There are other reasons to expect rapid progress in CS (compared to, say, electrical engineering) but I wonder how much is explained by this replication dynamic.

2Zac Hatfield-Dodds
Very little, because most CS experiments are not in fact replicable (and that's usually only one of several serious methodological problems). CS does seem somewhat ahead of other fields I've worked in, but I'd attribute that to the mostly-separate open source community rather than academia per se.
1Decaeneus
To be sure, let's say we're talking about something like "the entirety of published material" rather than the subset of it that comes from academia. This is meant to very much include the open source community. Very curious, in what way are most CS experiments not replicable? From what I've seen in deep learning, for instance, it's standard practice to include a working github repo along with the paper (I'm sure you know lots more about this than I do). This is not the case in economics, for instance, just to pick a field I'm familiar with.
2Zac Hatfield-Dodds
See e.g. https://mschloegel.me/paper/schloegel2024sokfuzzevals.pdf Fuzzing is a generally pretty healthy subfield, but even there most peer-reviewed papers in top venues are still are completely useless! Importantly, "a 'working' github repo" is really not enough to ensure that your results are reproducible, let alone ensure external validity.

From personal observation, kids learn text (say, from a children's book, and from songs) back-to-front. That is, the adult will say all but the last word in the sentence, and the kid will (eventually) learn to chime in to complete the sentence.

This feels correlated to LLMs learning well when tasked with next-token prediction, and those predictions being stronger (less uniform over the vocabulary) when the preceding sequences get longer.

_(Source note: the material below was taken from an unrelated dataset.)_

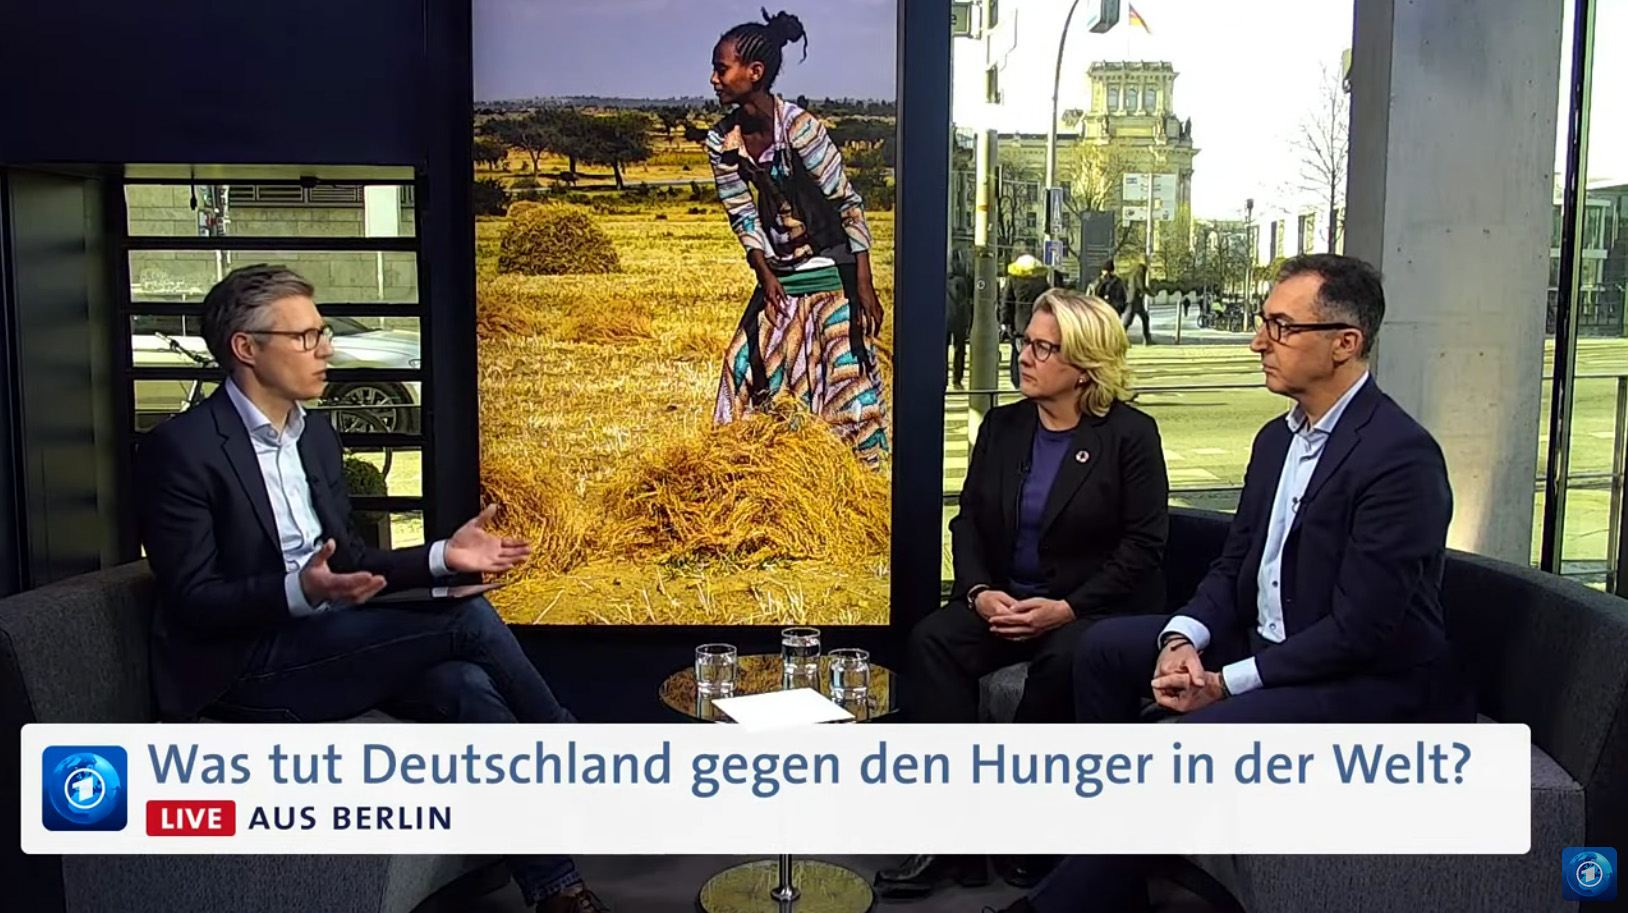 Standbild aus dem Live-Chat "Was tut Deutschland gegen den Hunger in der Welt? | Fragen an Schulze und Özdemir"

I wonder if there's a connection to having rhyme "live" in the last sound of each line, as opposed to the first.

1StartAtTheEnd
A lot of memory seems to be linear, possibly because most information in the world is encoded linearly. If I was to tell you the 20th letter of the alphabet, I'd have to go through every letter it in my head. It's a linked-list data structure. Even many memory techniques, like the mind palace, is ordered, with each item linking to the next. I don't think this is the same as markov-chains or predicting the next item, but that it has to do with the most common data structure of information being linear. As for making the first word rhyme instead of the last, that's an interesting thought! I actually have no idea. When I rhyme like that in my head, it sounds wrong, but I couldn't tell you the reason. You may be on to something.